Try it ▸ Retype the lines below exactly, but only those from the line that has "深圳高铁站在哪里 深圳高铁路线分布图" through the line that has "Incisione di Mons.". Omit every picture.

Records provided ▸

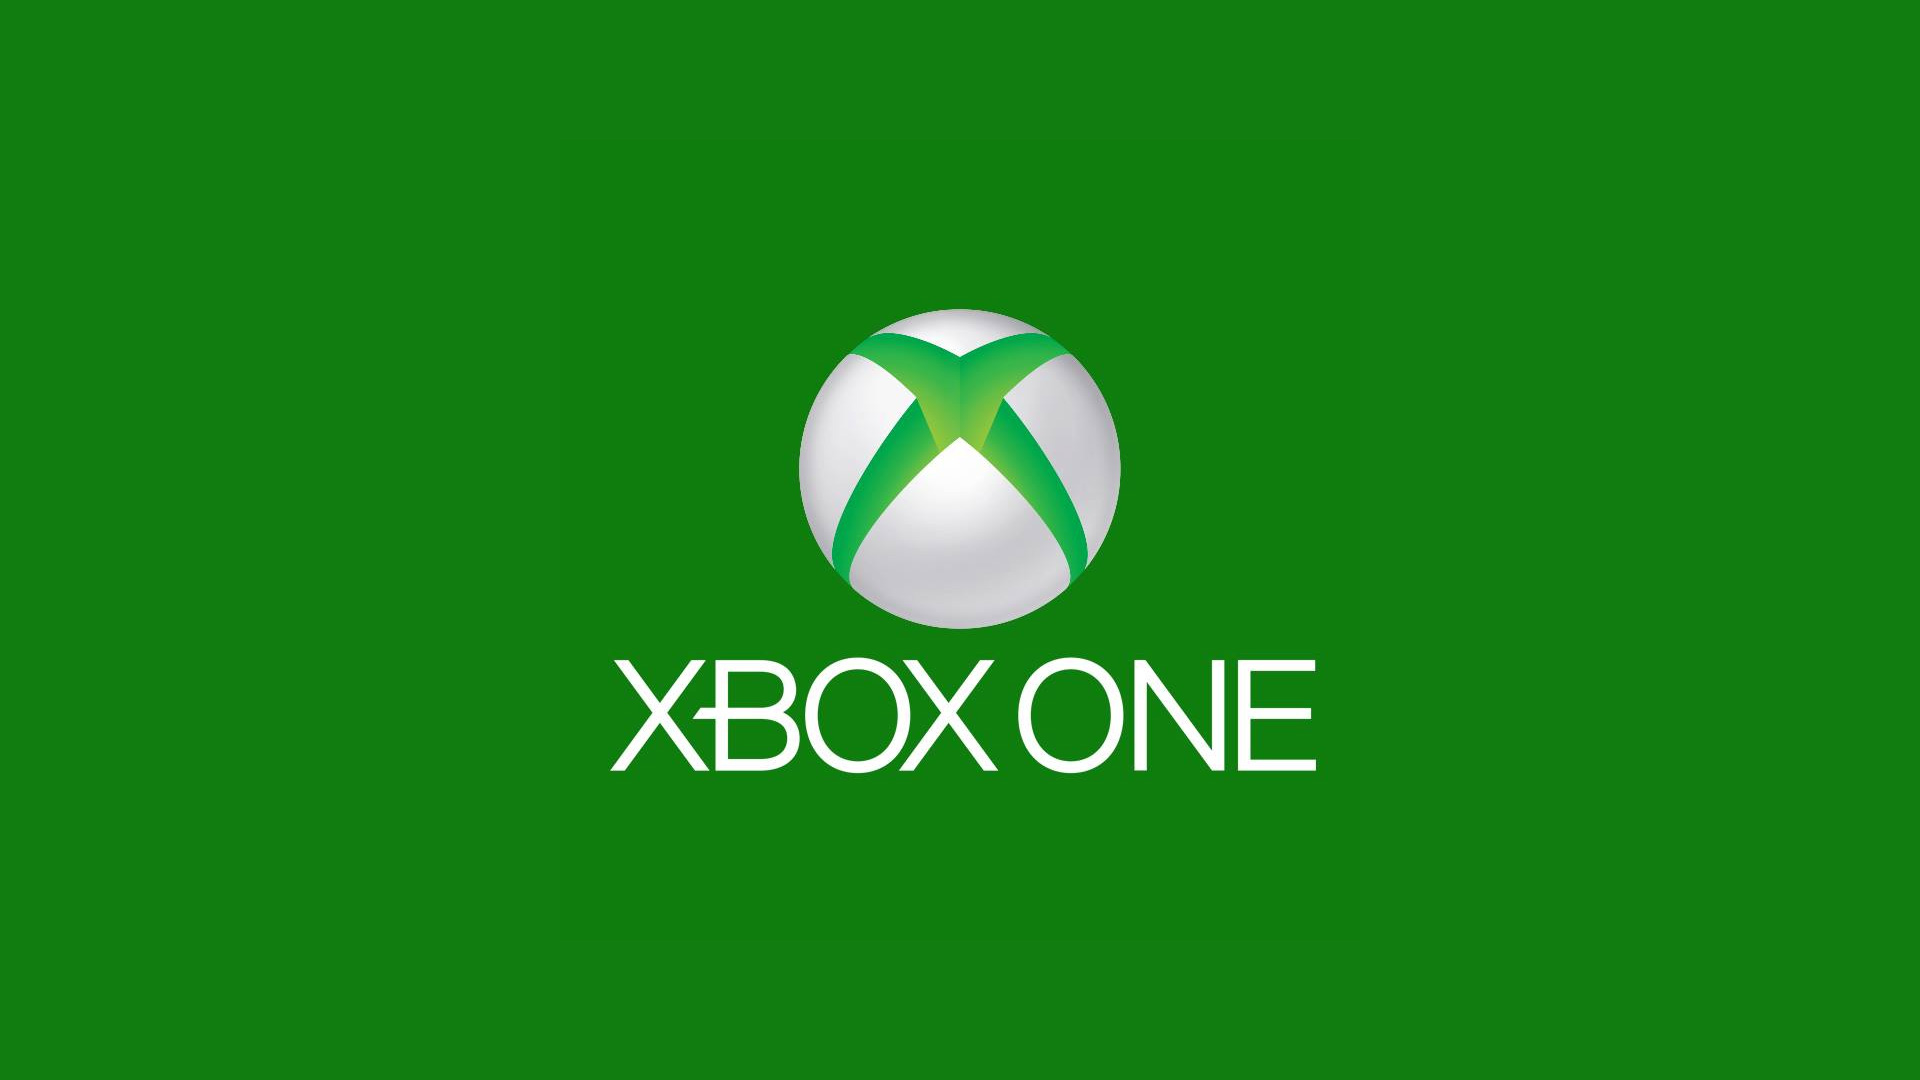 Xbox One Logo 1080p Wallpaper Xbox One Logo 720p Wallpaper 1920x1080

...

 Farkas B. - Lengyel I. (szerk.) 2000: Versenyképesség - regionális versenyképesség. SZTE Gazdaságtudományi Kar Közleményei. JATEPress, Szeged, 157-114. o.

...

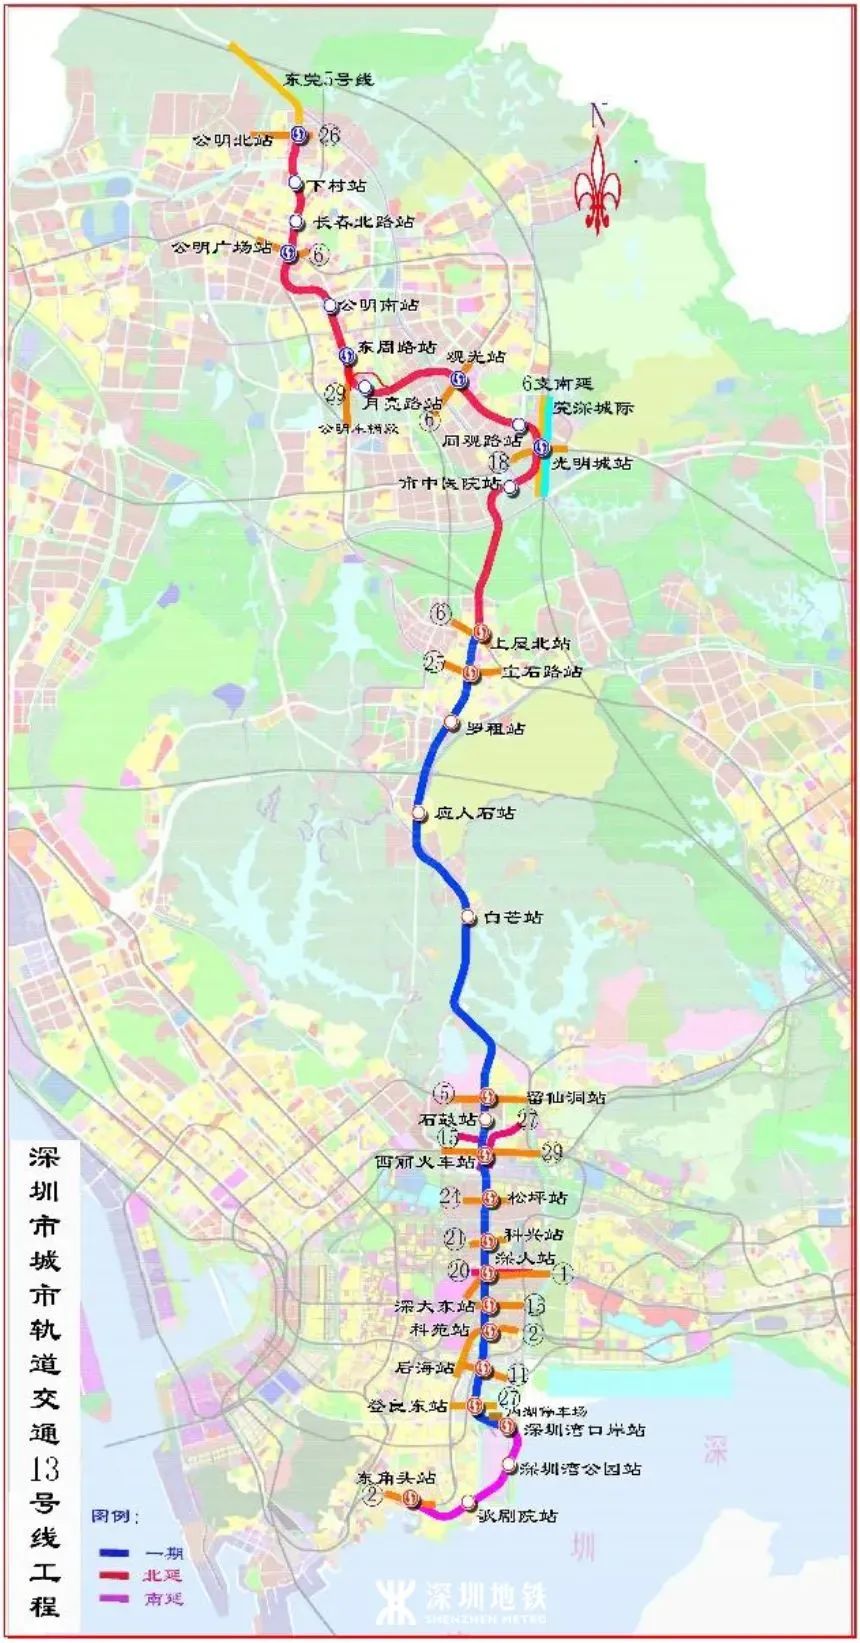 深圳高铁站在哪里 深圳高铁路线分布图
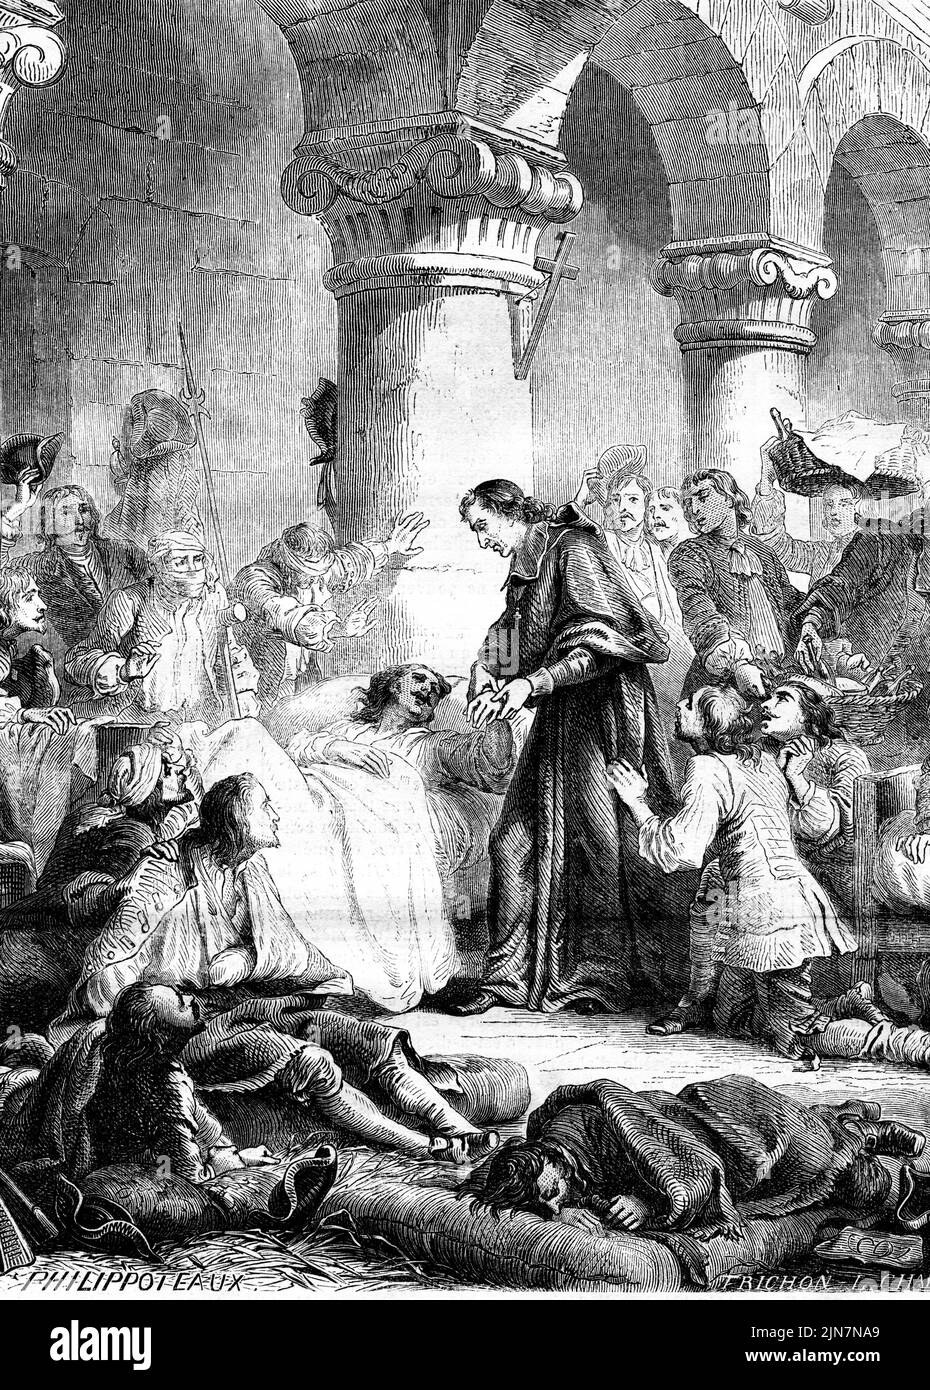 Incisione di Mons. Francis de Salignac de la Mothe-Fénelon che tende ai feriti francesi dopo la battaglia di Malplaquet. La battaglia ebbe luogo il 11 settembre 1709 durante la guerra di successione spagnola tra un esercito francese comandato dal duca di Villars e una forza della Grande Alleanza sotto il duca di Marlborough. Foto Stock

Written reply ▸
 深圳高铁站在哪里 深圳高铁路线分布图
 Incisione di Mons. Francis de Salignac de la Mothe-Fénelon che tende ai feriti francesi dopo la battaglia di Malplaquet. La battaglia ebbe luogo il 11 settembre 1709 durante la guerra di successione spagnola tra un esercito francese comandato dal duca di Villars e una forza della Grande Alleanza sotto il duca di Marlborough. Foto Stock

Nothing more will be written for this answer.